Repeat the data in full and exactly. Leave the pictures out.

Raw data:
════════════════════

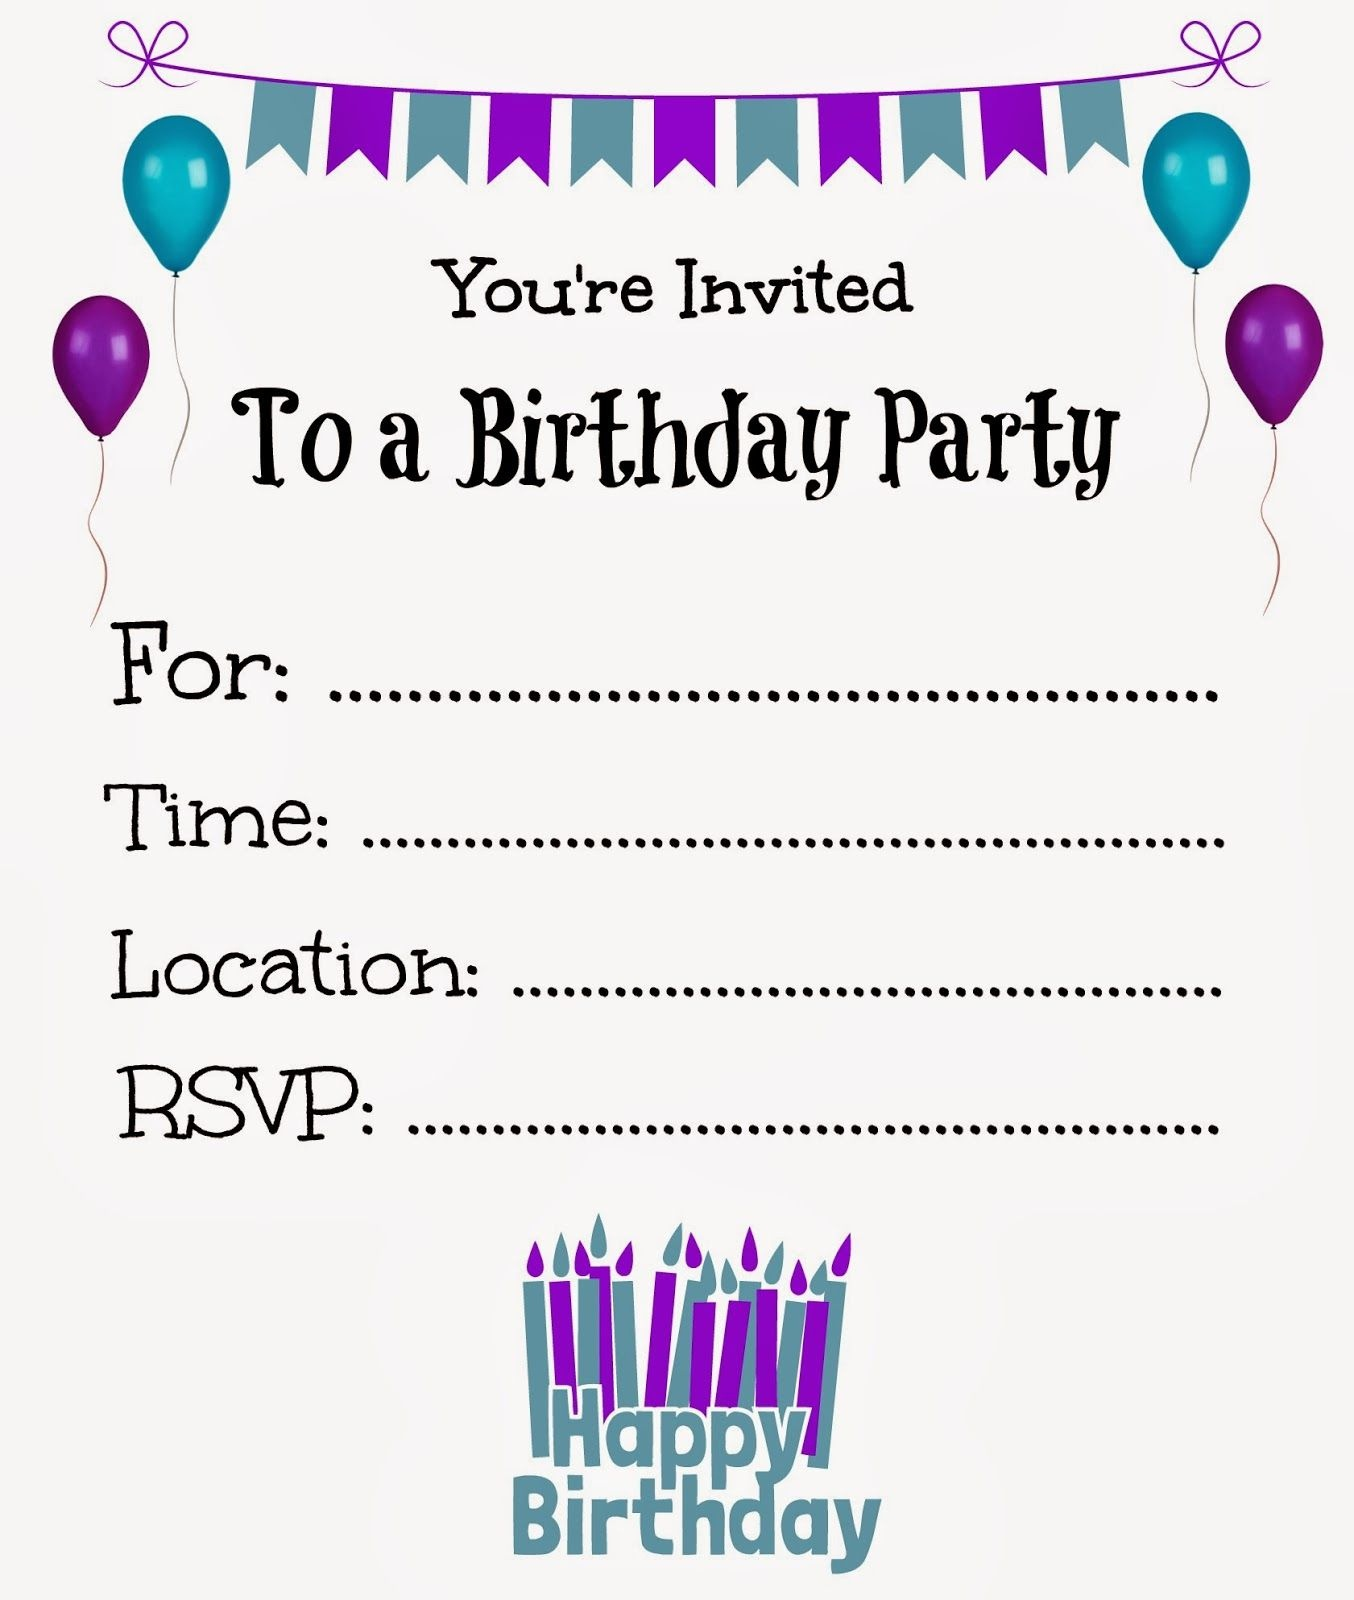 Free Printable Birthday Invitations For Kids #freeprintables - Free Printable Event Invitations
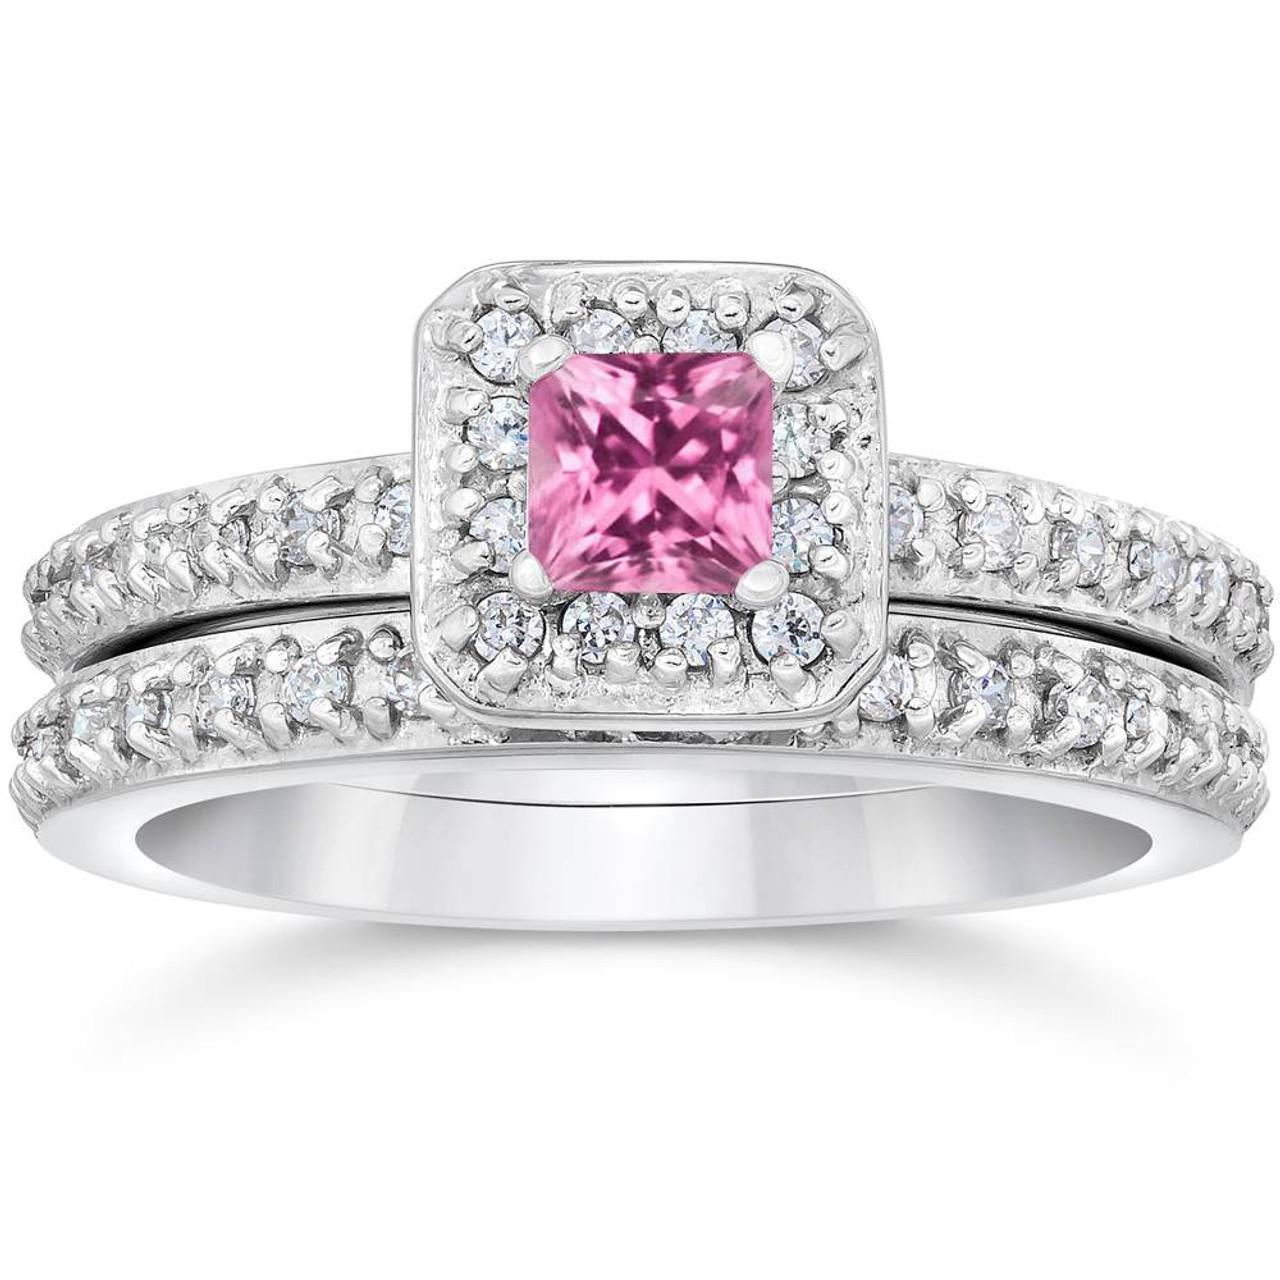 Princess Cut Pink Sapphire 1 1/3ct Pave Vintage Diamond Ring Set 14K White  Gold (G/H, I1)
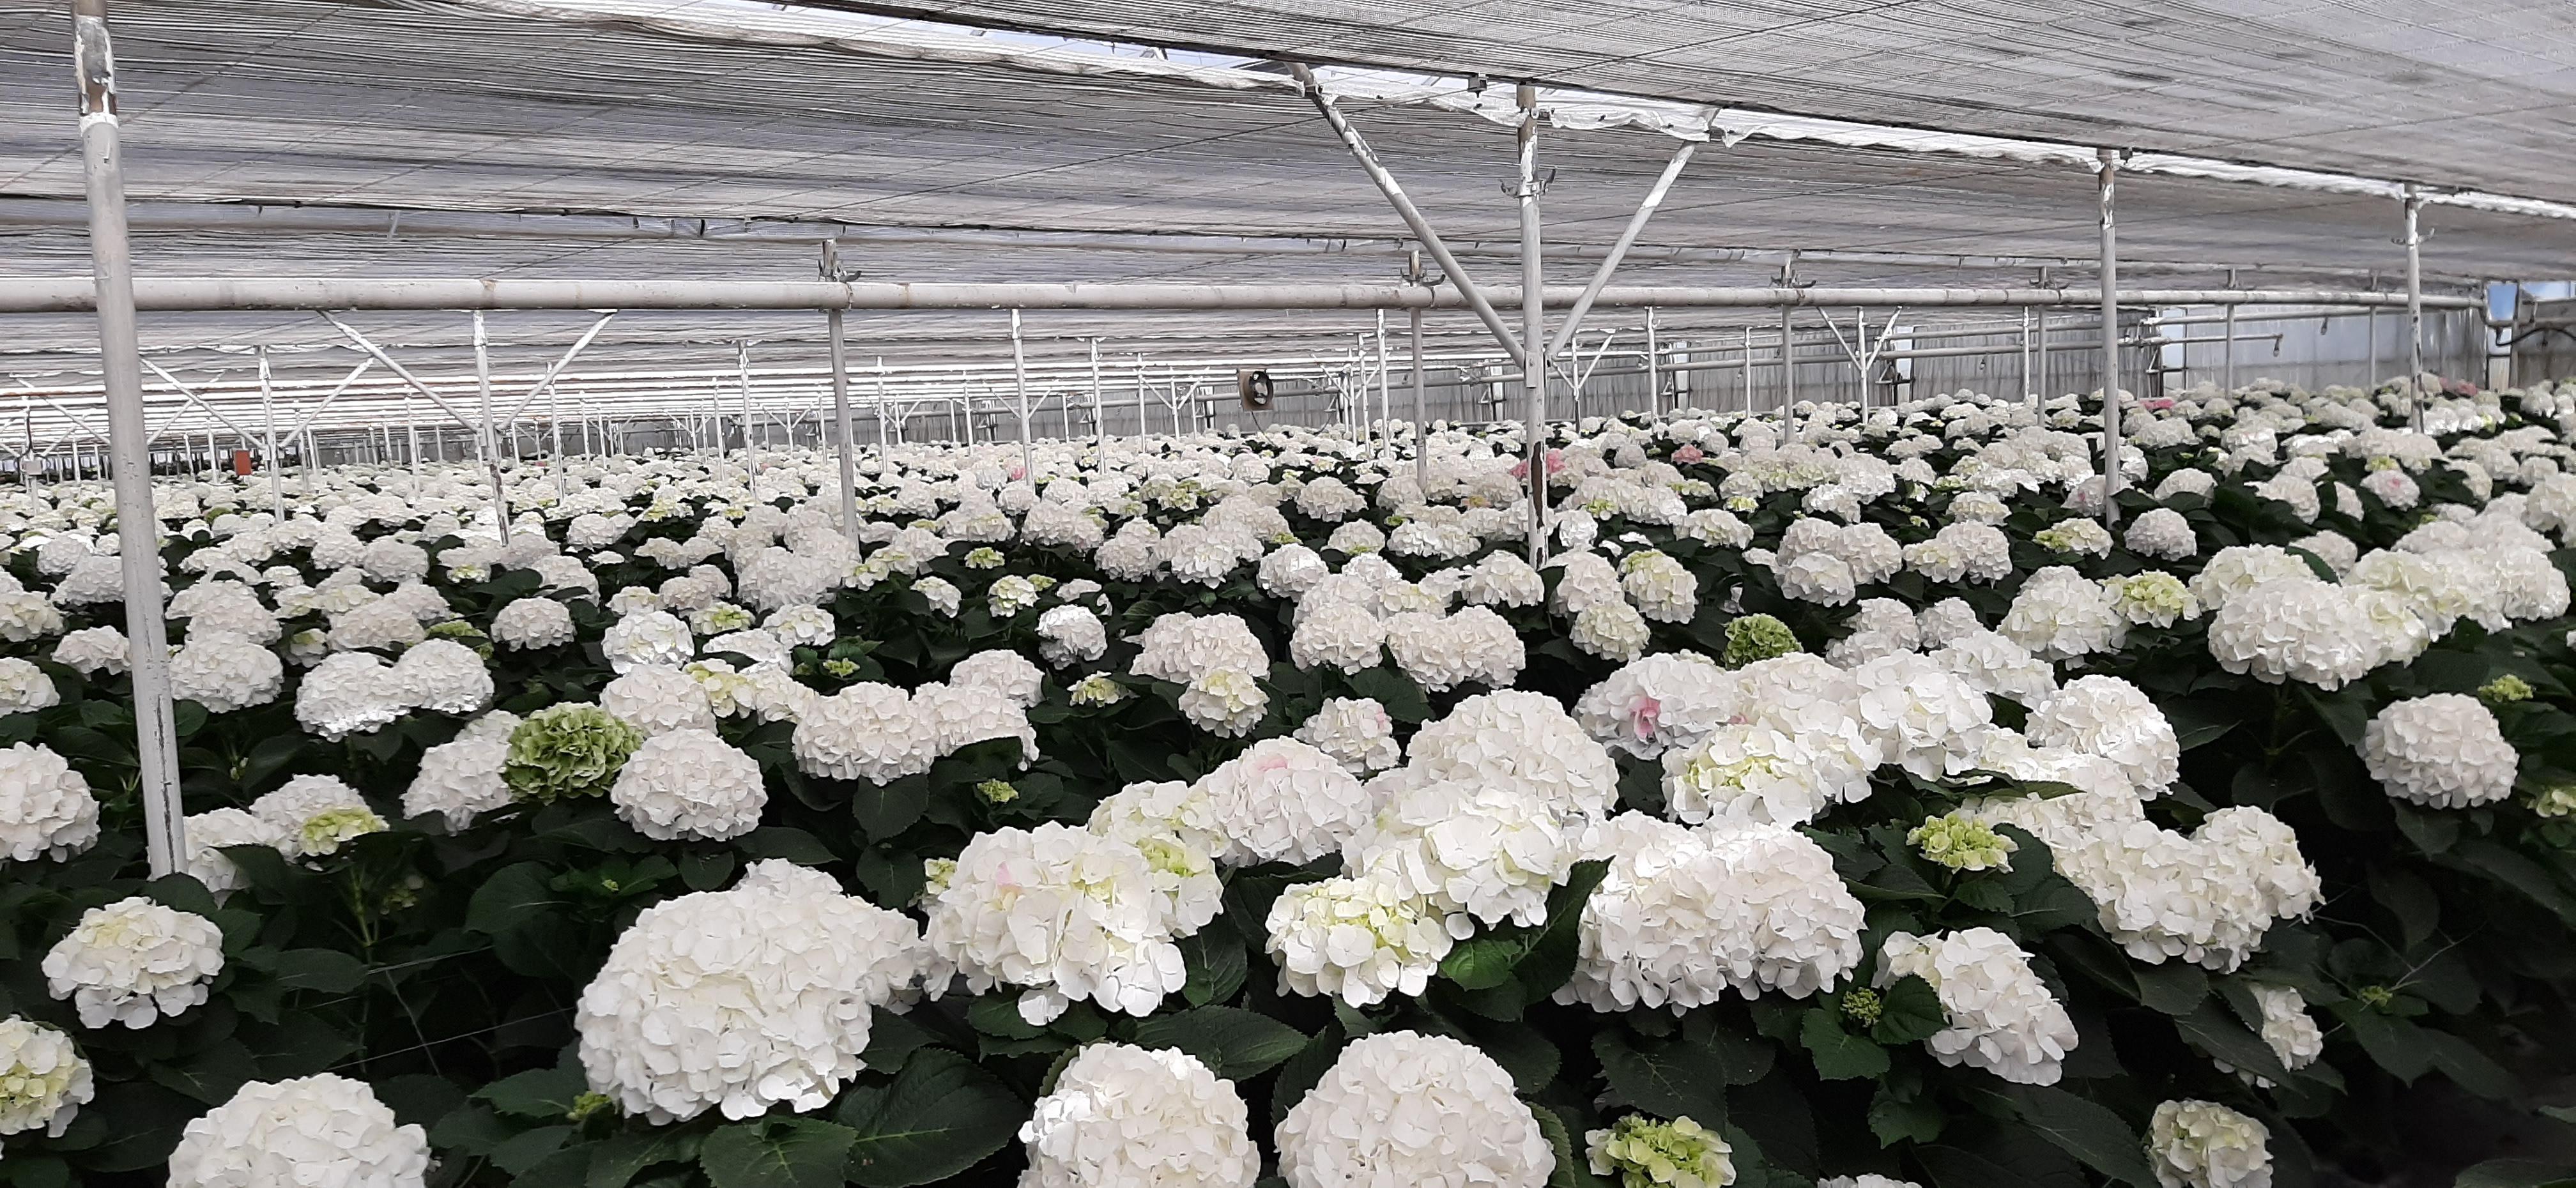 JLP Flowers/Kwekerij Borgers
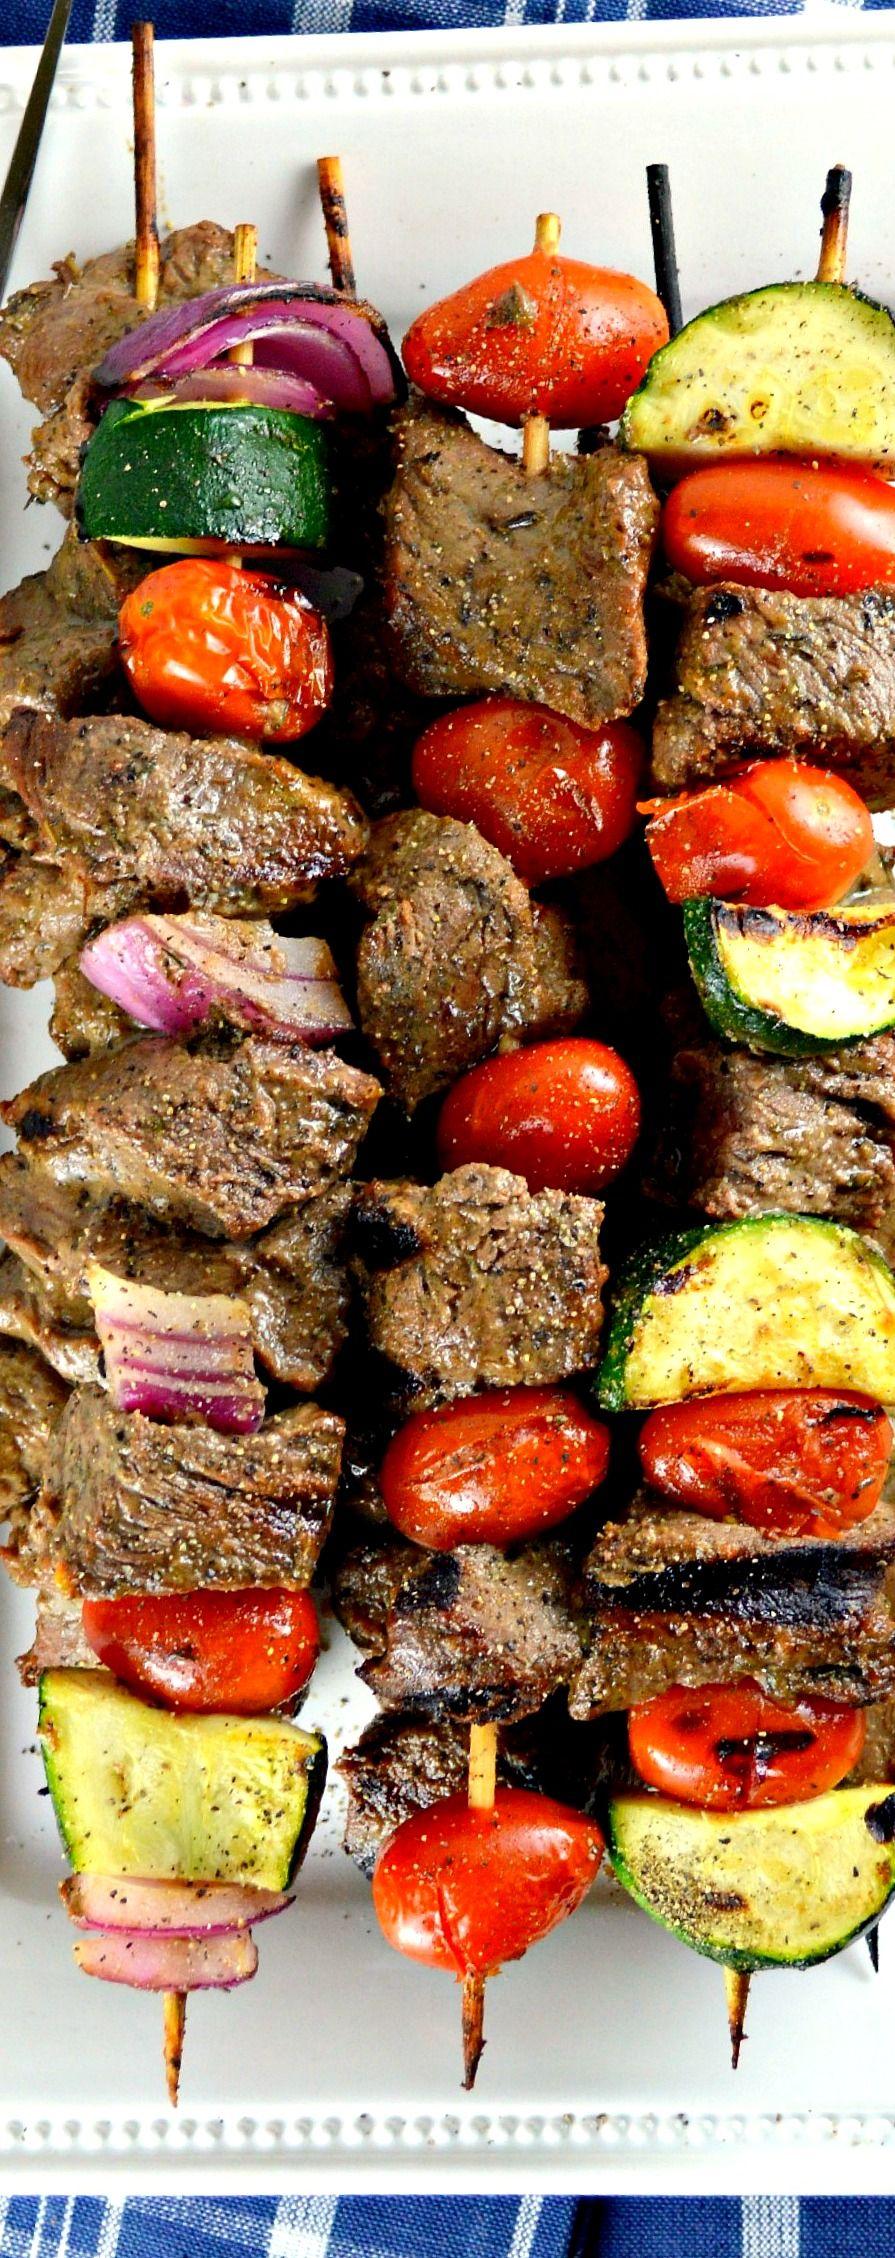 Shish Kabob   Recipe   Food, Shish kabobs, Kabob recipes

════════════════════

Response to the task:
 Free Printable Birthday Invitations For Kids #freeprintables - Free Printable Event Invitations
 Princess Cut Pink Sapphire 1 1/3ct Pave Vintage Diamond Ring Set 14K White  Gold (G/H, I1)
 JLP Flowers/Kwekerij Borgers
 Shish Kabob   Recipe   Food, Shish kabobs, Kabob recipes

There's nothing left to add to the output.